Dataset excerpt:
----------

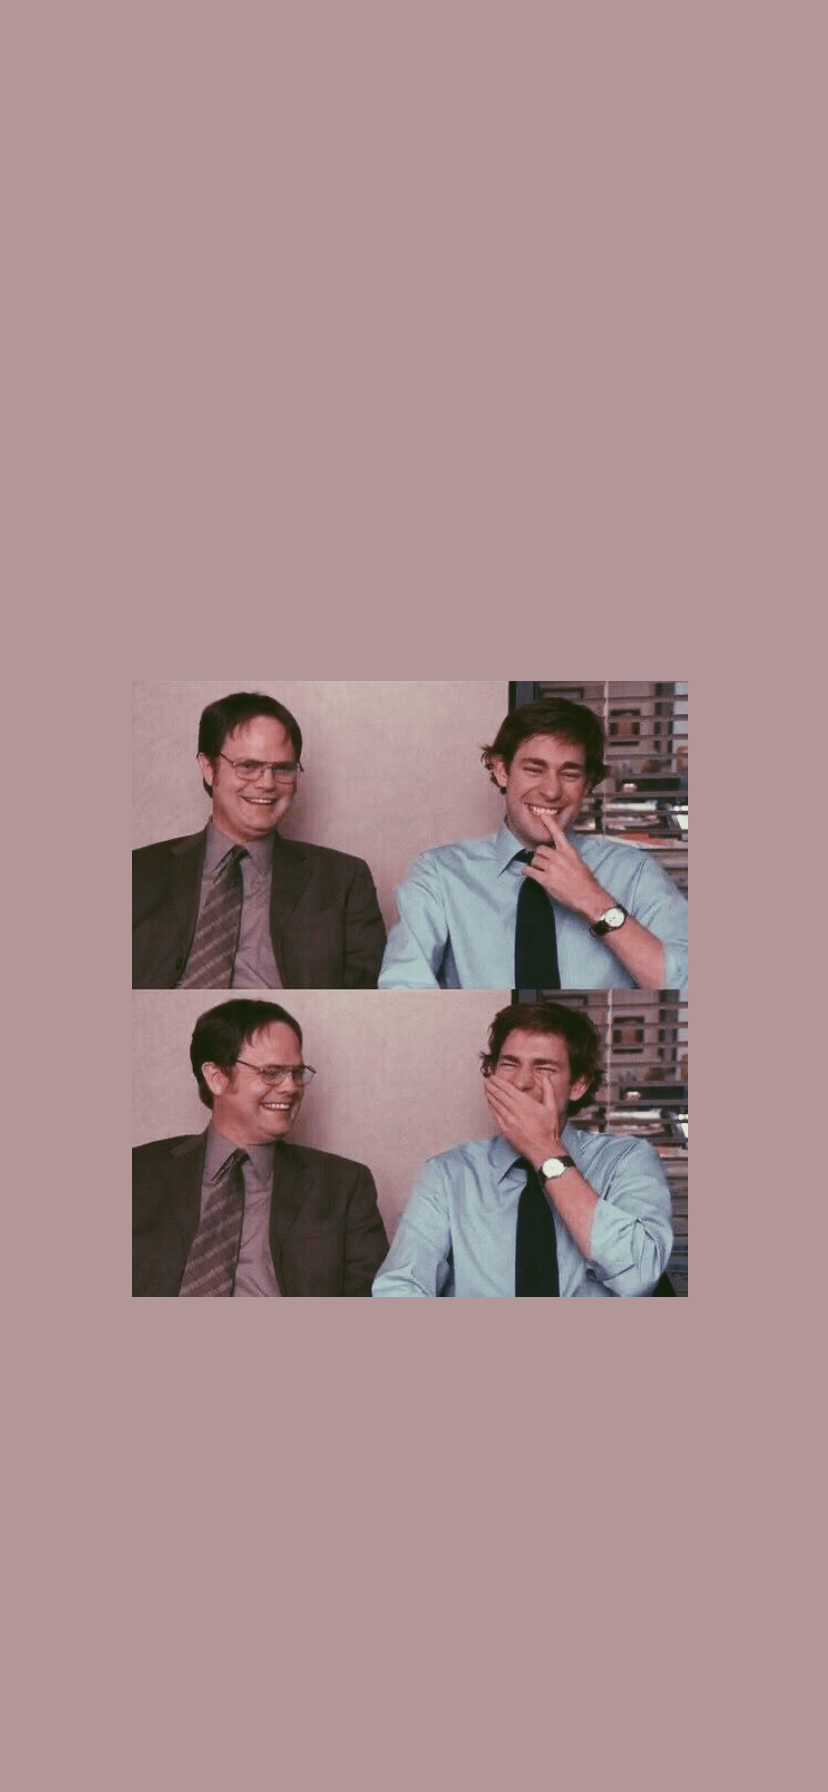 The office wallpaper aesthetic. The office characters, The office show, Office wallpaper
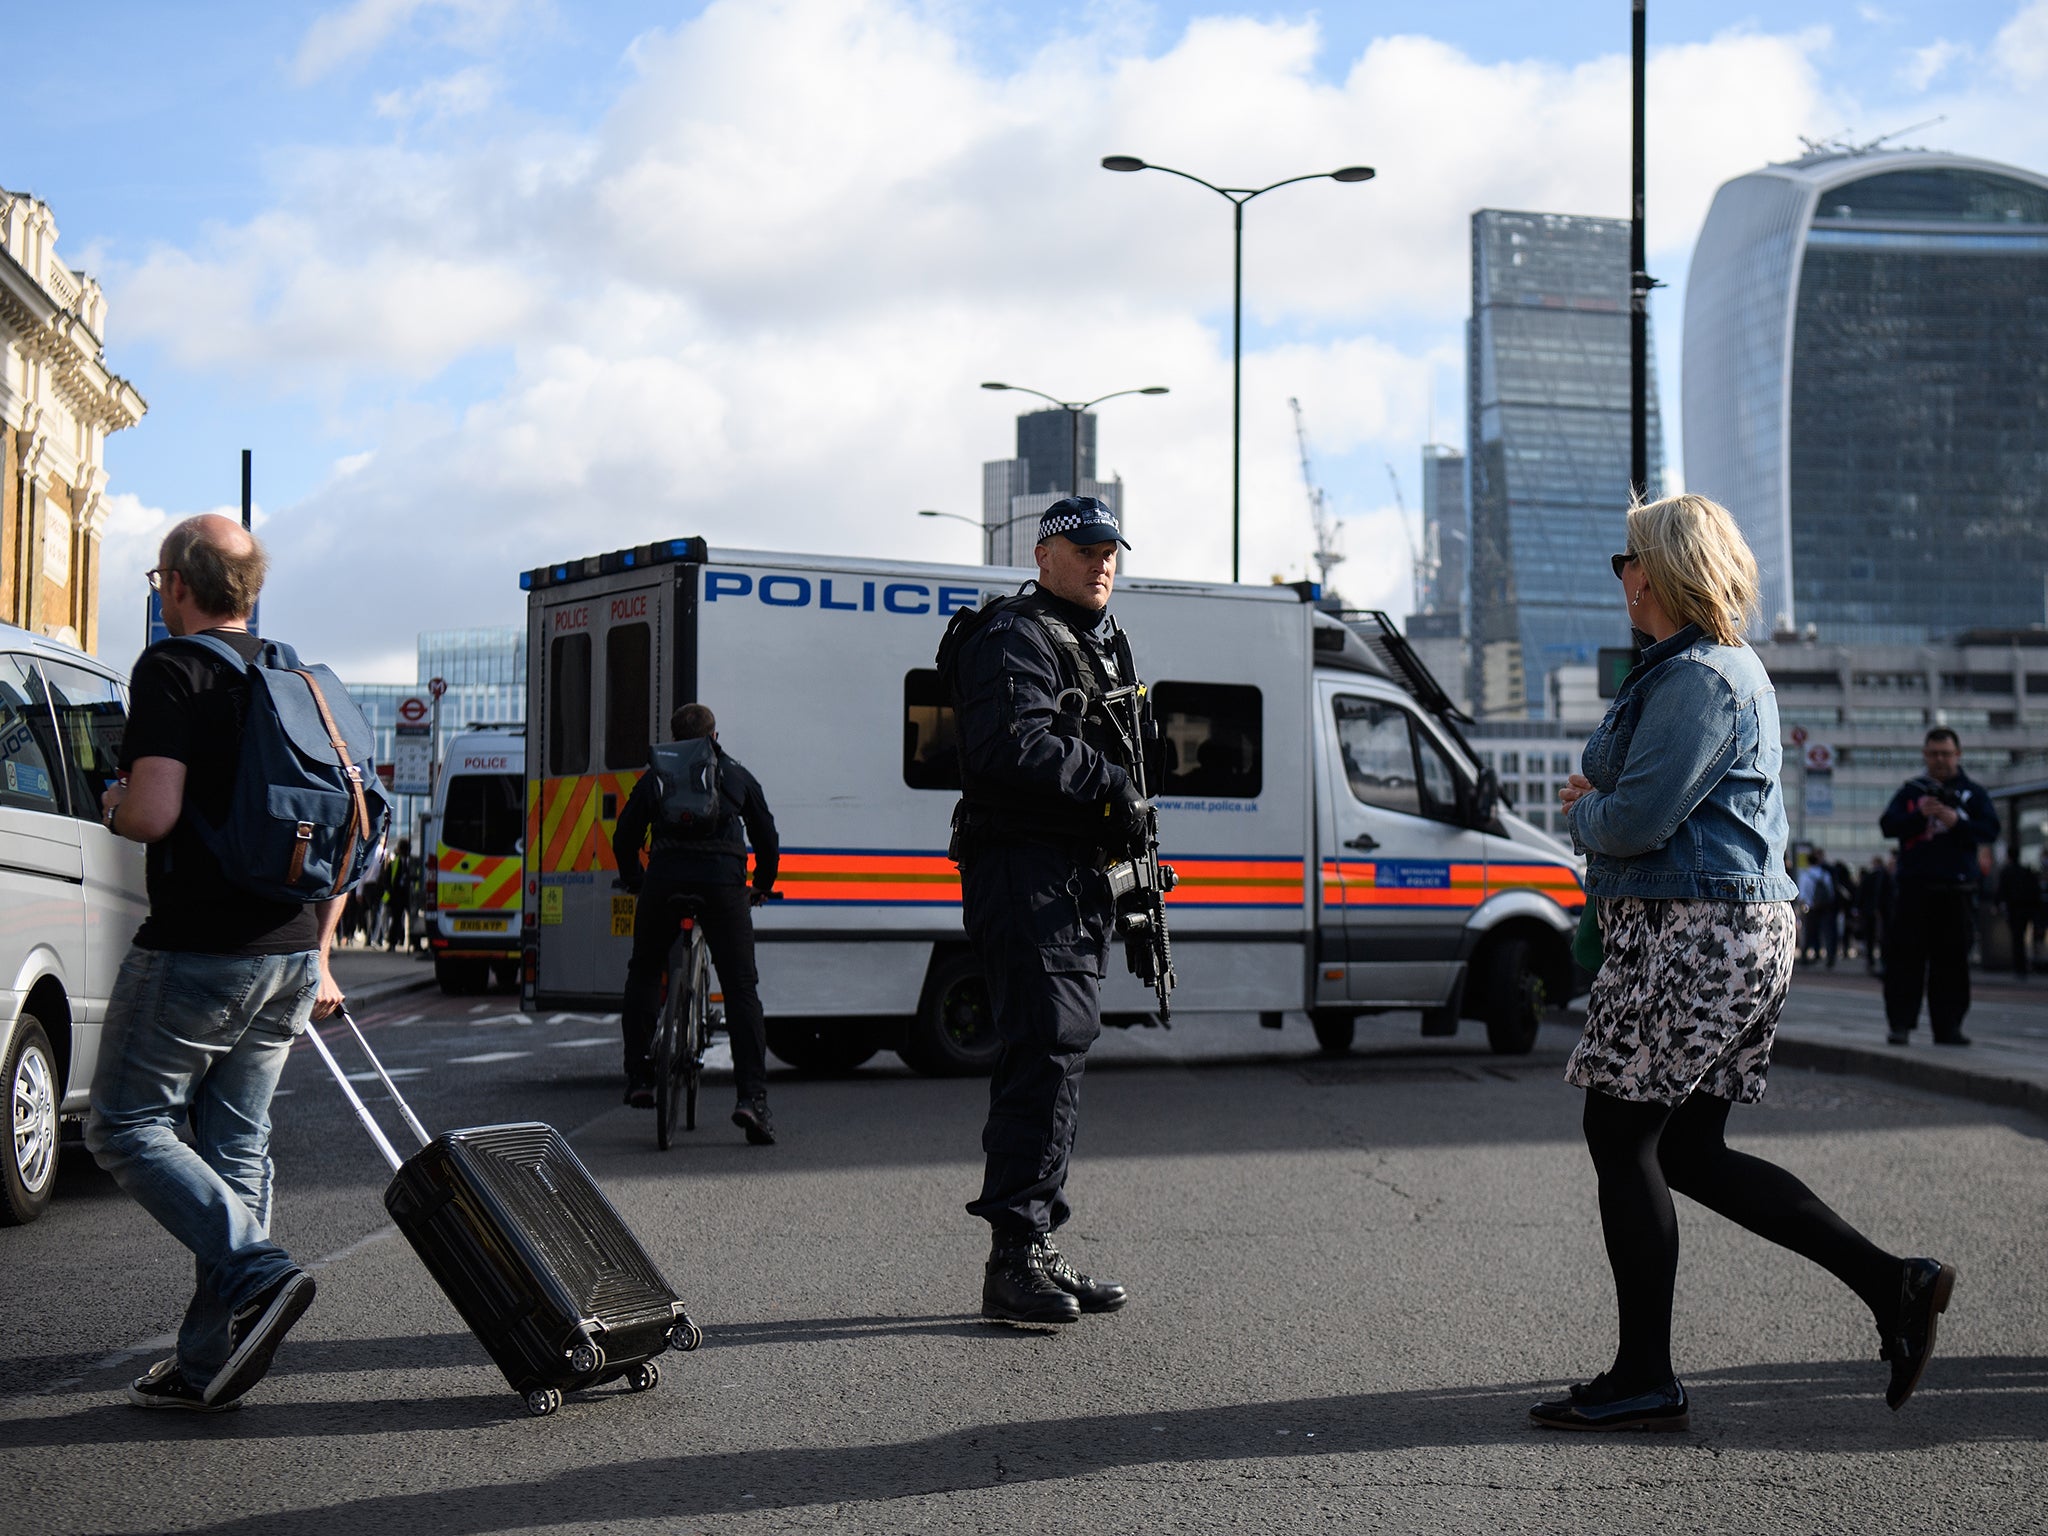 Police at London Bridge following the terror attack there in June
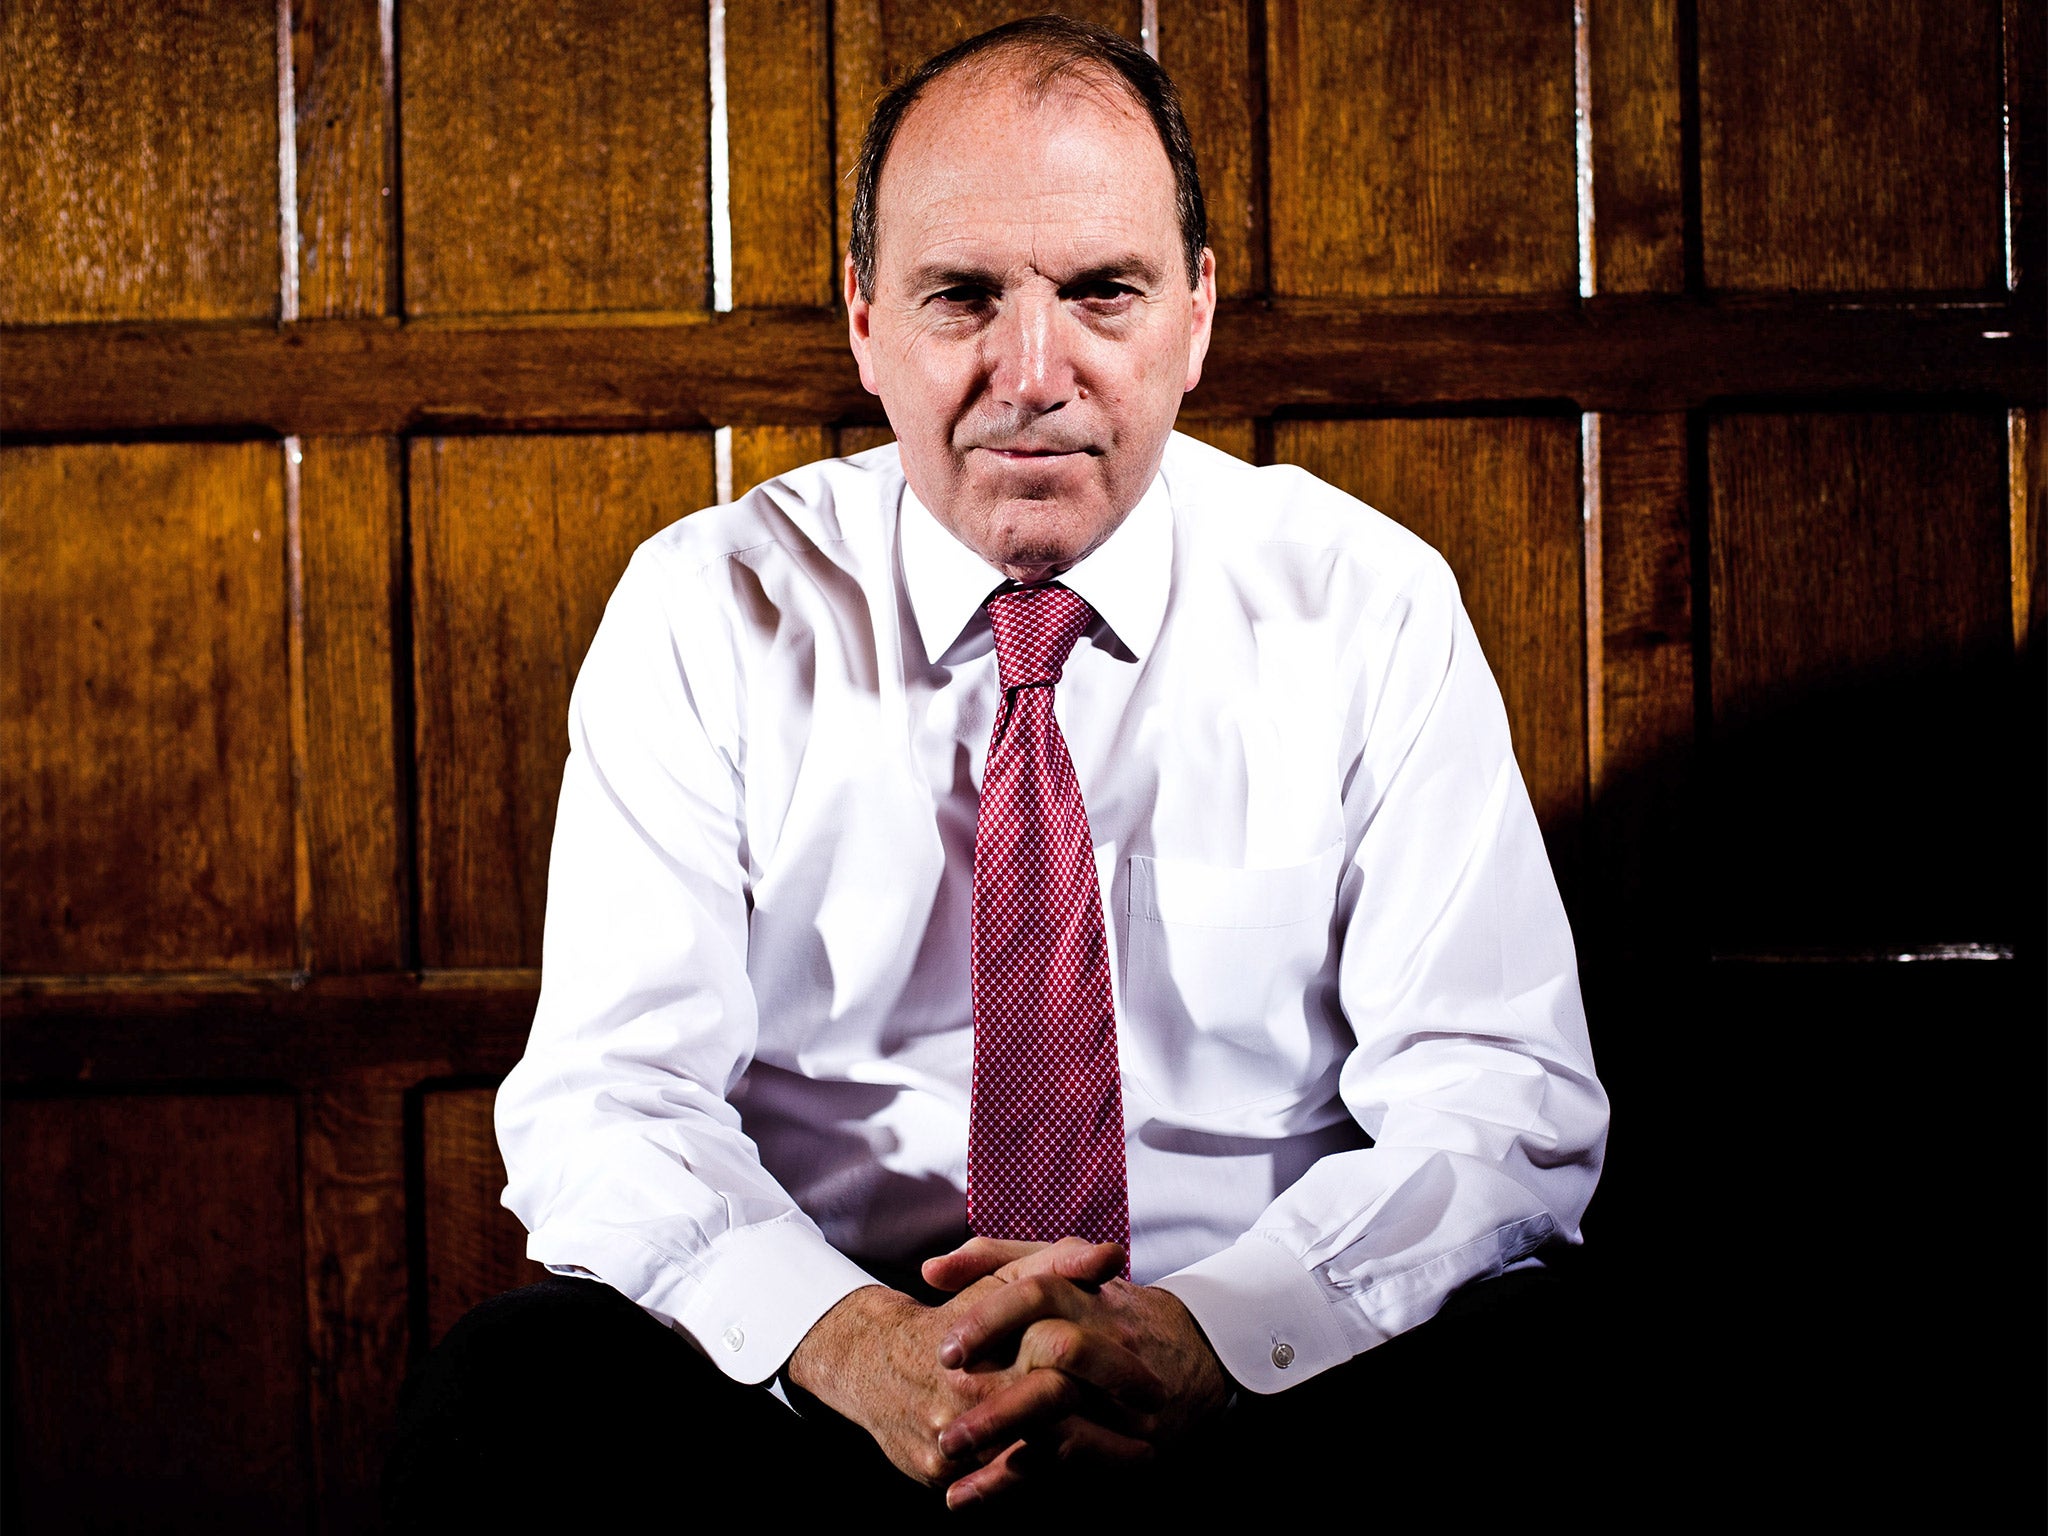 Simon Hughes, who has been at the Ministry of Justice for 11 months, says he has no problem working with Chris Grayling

----------

What to do: Excluding the pictures, retype the line containing "Police at London" and all lines after it down to the end of the data above.

Result of this exercise:
 Police at London Bridge following the terror attack there in June
 Simon Hughes, who has been at the Ministry of Justice for 11 months, says he has no problem working with Chris Grayling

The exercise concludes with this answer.